Parents must learn to talk honestly with children at an early age. Talking about everything includes answering questions about sex. With young children, these questions and answers will be short and simple. All children are different. They develop individually and ask questions at different ages. When a question is asked, it should be answered simply. Parents who say, "Wait 'till you're older and I'll tell you that," find that the time for answering questions doesn't seem to come again. Other parents go into involved explanations which the child neither wants nor understands. Simple answers are sufficient.

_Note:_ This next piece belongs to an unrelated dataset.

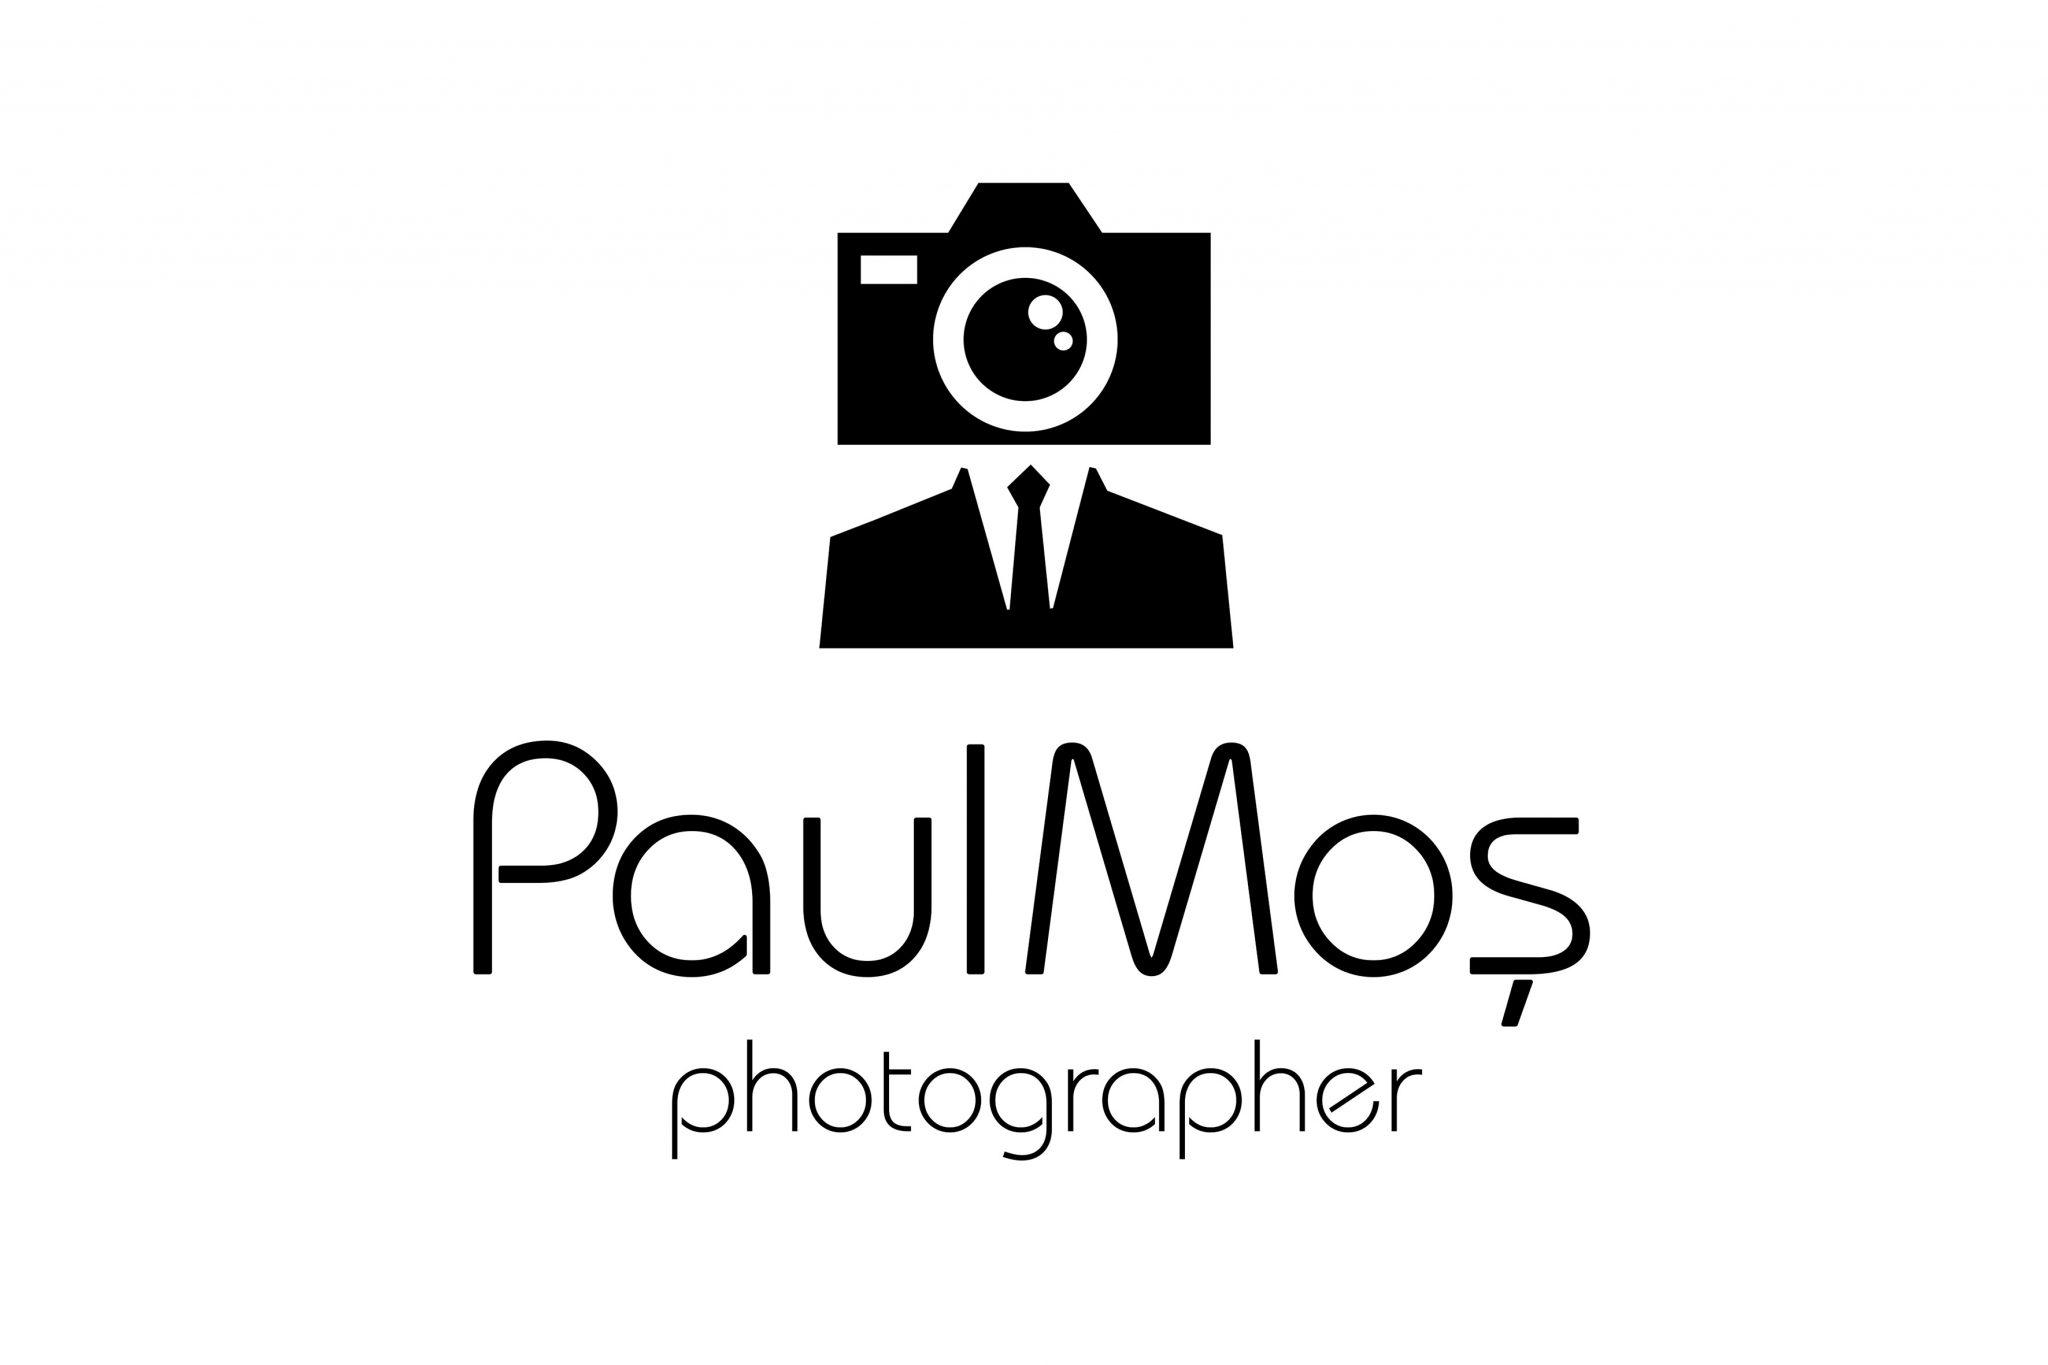 Paul Moș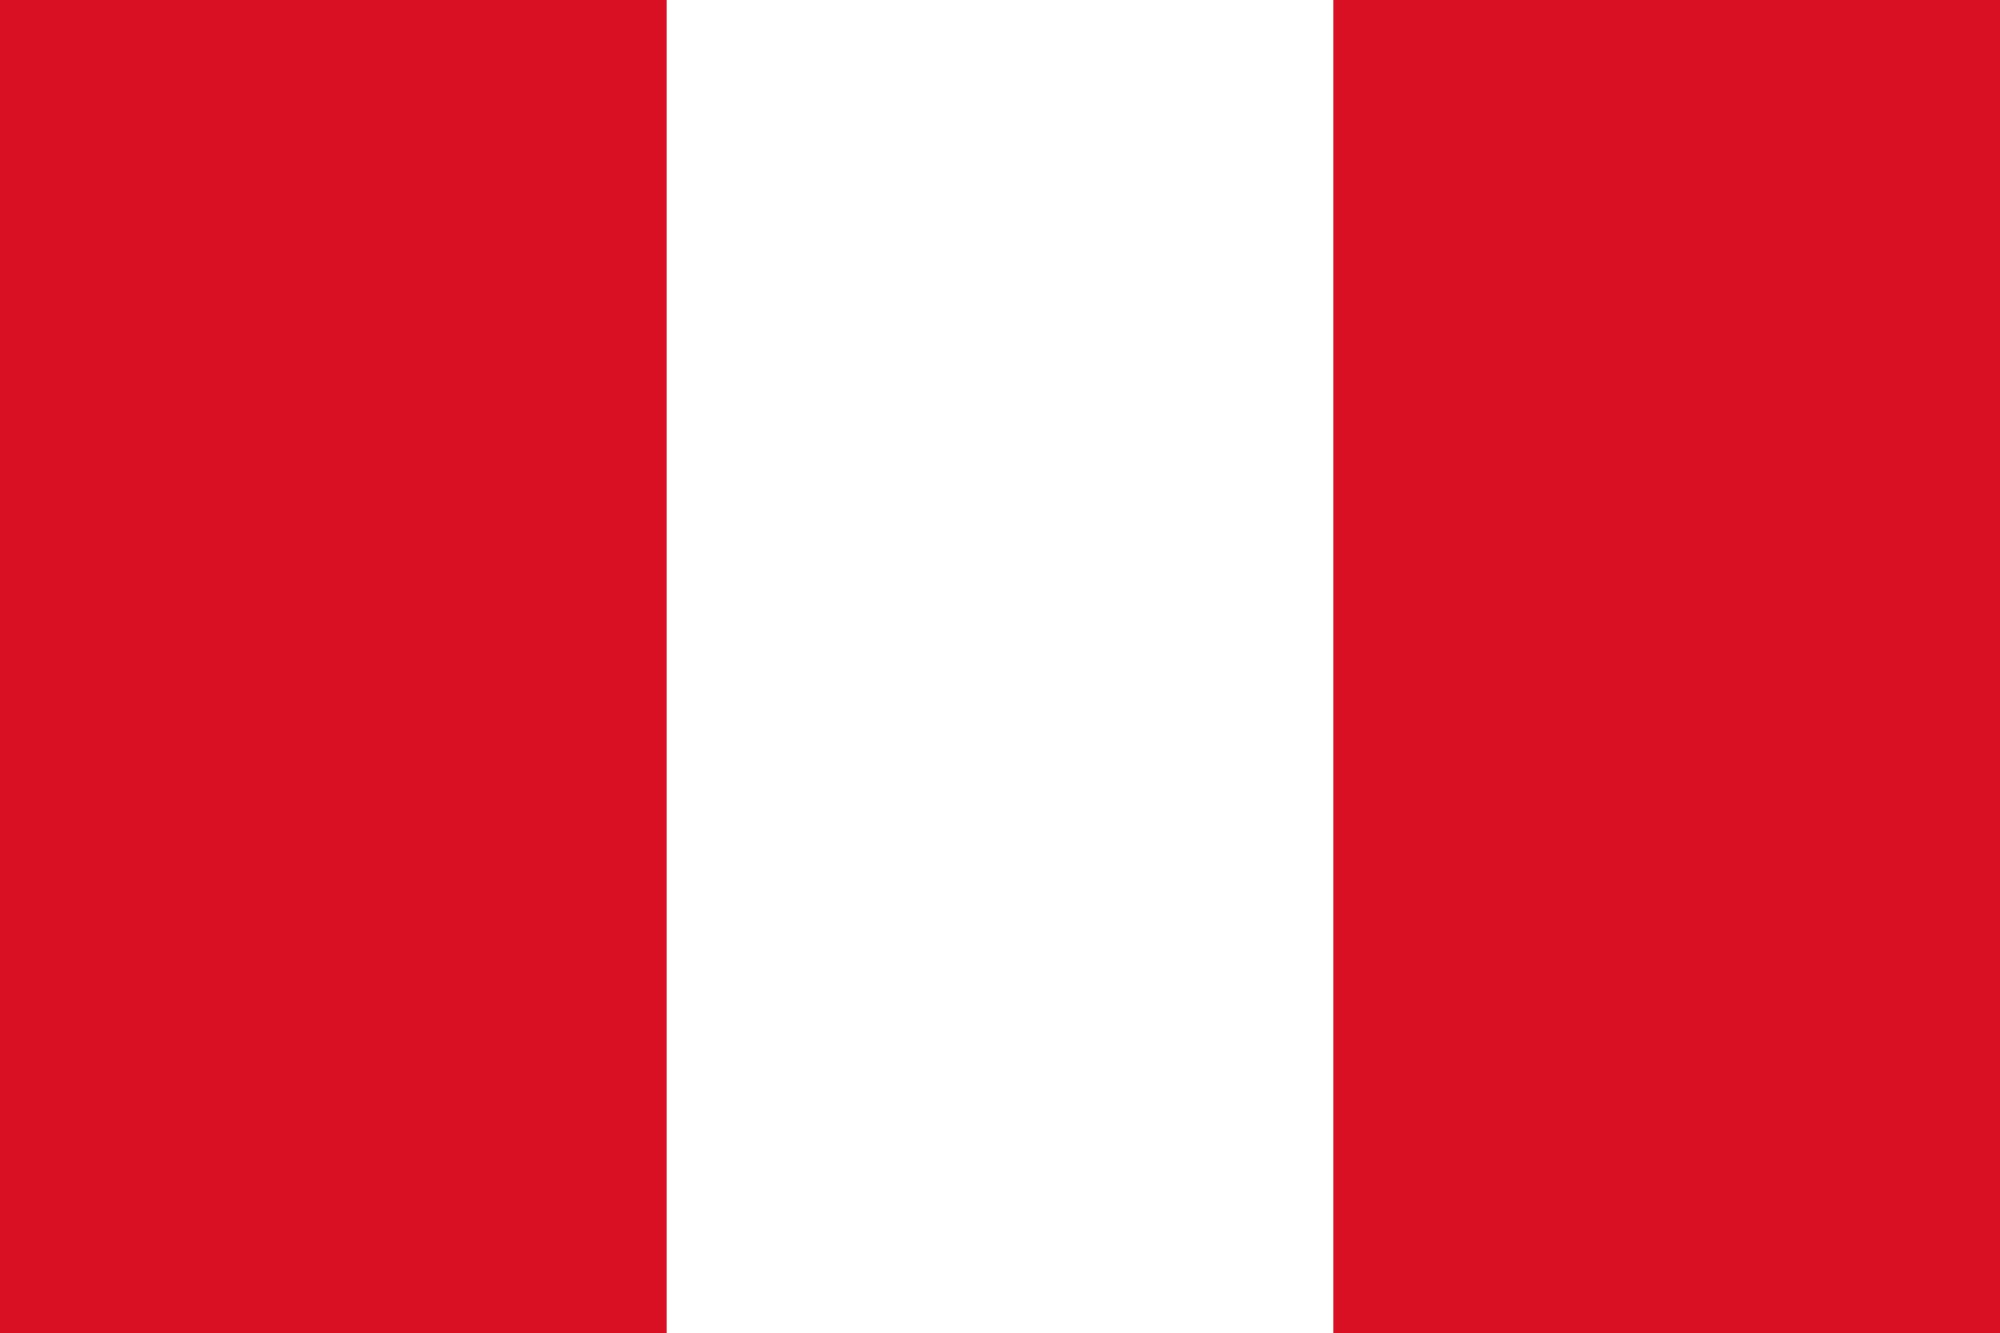 Overview: Peruvian Fleet Market

Honesty is of utmost importance. Children soon learn whether they can trust their parents' answers. If so, they will continue to discuss questions and problems with them. If not, they will stop asking questions. Instead, they will ask their friends and get misinformation from hem and from magazines, movies, etc. Children often have a way of asking questions at a time which causes the parent embarrassment. For example, "Why s the lady fat?" asked about a pregnant woman in the grocery store which causes the parent to want to say "Shh!" A simple explanation will satisfy the child. Willingness to give young children direct honest answers builds a foundation for good communication. Early questions include wanting to know where babies come from, how they get started, how they get out, and whether birth hurts either baby or mother.

Early School Years

Young school age children are busy people with expanding horizons. They are learning in the more structured situation at school and are beginning to explore ideas. Their interest in sexual questions continues to exist as does interest in other things. Developing friendships and relationships with teachers and others leads to more emphasis on the world away from home. Yet home and parents are where the child returns to share joys and troubles. An understanding listening parent encourages the child to talk about this expanding world. The child continues to grow and learn about himself and life and to solve simple problems which he confronts.

Children between five and eight usually develop a sense of modesty and a desire for privacy which may be completely different from their actions only a short time before. Most children decide the bathroom door should be closed and perhaps locked when they are inside. Nudity (which may have been healthily present previously) now seems totally inappropriate in the child's view of himself. Children deserve the right to manage their feelings about their bodies as they develop. If parents continue to be comfortable at home, the child learns that he is still accepted and loved whether in the tub with brother or insisting on bathing alone. Of course, refusing to bathe at all is a different problem for parents! Most children continue to behave in modest ways - until later years when they will perhaps be more accepting of nudity again. All of this reflects the pressures of our society.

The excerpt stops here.